Kurian Allison W, Kingham Kerry E, Ford James M
aDepartments of Medicine bHealth Research and Policy cPediatrics dGenetics, Stanford University School of Medicine, Stanford, California, USA.
Curr Opin Obstet Gynecol. 2015 Feb;27(1):23-33. doi: 10.1097/GCO.0000000000000141.
To summarize advances in next-generation sequencing and their application to breast and gynecologic cancer risk assessment.

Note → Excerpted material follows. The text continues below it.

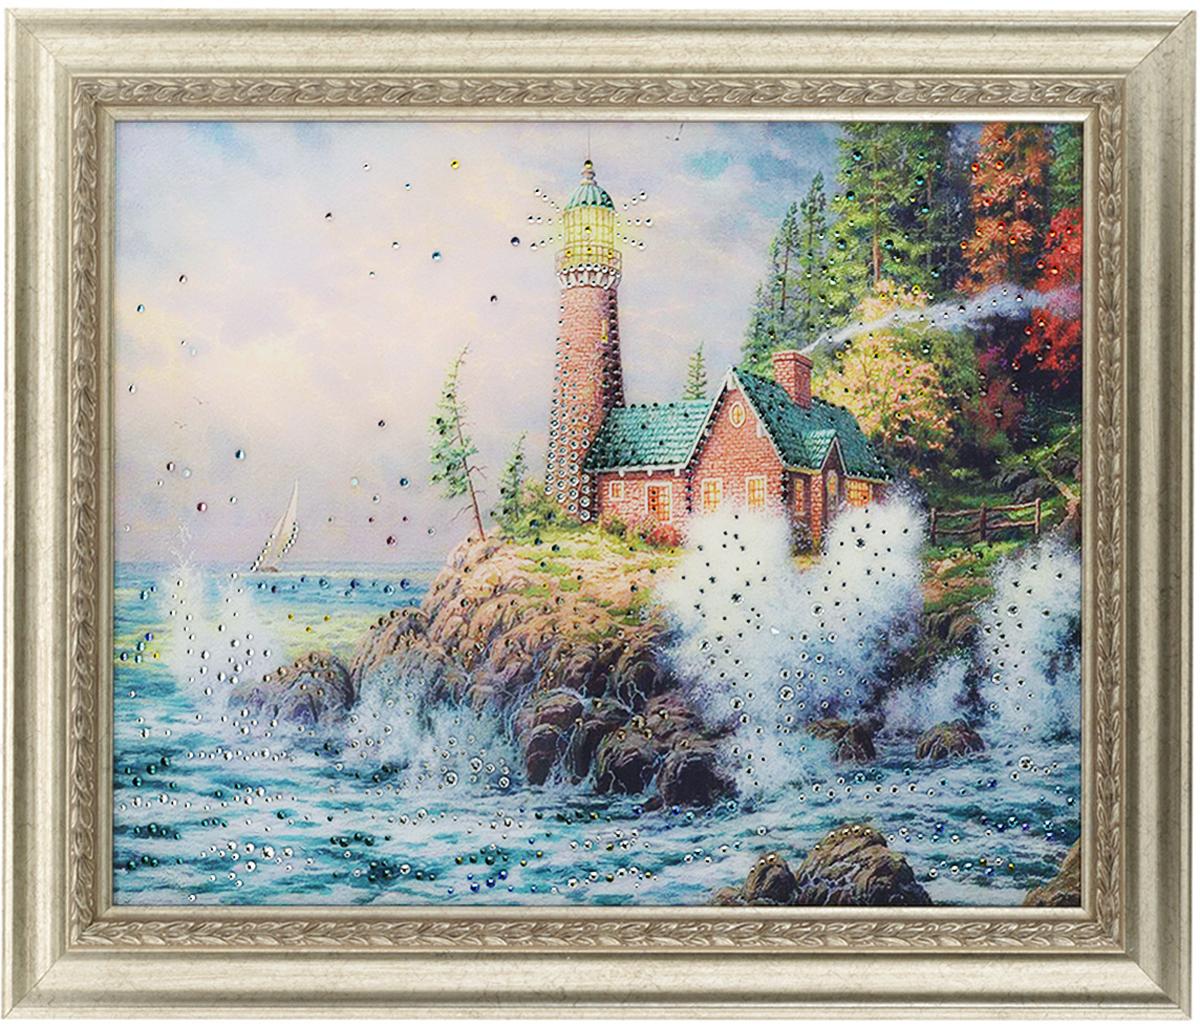 Картина с кристаллами Swarovski Маяк на берегу, 60 х 50 см1208Изящная картина в багетной раме, инкрустирована кристаллами Swarovski, которые отличаются четкой и ровной огранкой, ярким блеском и чистотой цвета. Красочное изображение маяка на берегу, расположенное под стеклом, прекрасно дополняет блеск кристаллов. С обратной стороны имеется металлическая проволока для размещения картины на стене. Картина с кристаллами Swarovski Маяк на берегу элегантно украсит интерьер дома или офиса, а также станет прекрасным подарком, который обязательно понравится получателю. Блеск кристаллов в интерьере, что может быть сказочнее и удивительнее. Картина упакована в подарочную картонную коробку синего цвета и комплектуется сертификатом соответствия Swarovski.

Next-generation sequencing panels of 6-112 cancer-associated genes are increasingly used in patient care. Studies report a 4-16% prevalence of mutations other than BRCA1/2 among patients who meet evidence-based practice guidelines for BRCA1/2 testing, with a high rate (15-88%) of uninterpretable variants of uncertain significance. Despite uncertainty about results interpretation and communication, there is early evidence of a benefit from multiple-gene sequencing panels for appropriately selected patients.
Multiple-gene sequencing panels appear highly promising for the assessment of breast and gynecologic cancer risk, and they may usefully be administered in the context of cancer genetics expertise and/or clinical research protocols.
总结下一代测序技术的进展及其在乳腺癌和妇科癌症风险评估中的应用。
包含6 - 112个癌症相关基因的下一代测序panel在患者护理中使用得越来越多。研究报告称,在符合BRCA1/2检测循证实践指南的患者中,除BRCA1/2外的其他基因突变发生率为4% - 16%,意义不明确的不可解释变异率较高(15% - 88%)。尽管结果解读和沟通存在不确定性,但有早期证据表明,对于适当选择的患者,多基因测序panel有益处。
多基因测序panel在评估乳腺癌和妇科癌症风险方面似乎很有前景,并且可以在癌症遗传学专业知识和/或临床研究方案的背景下有效应用。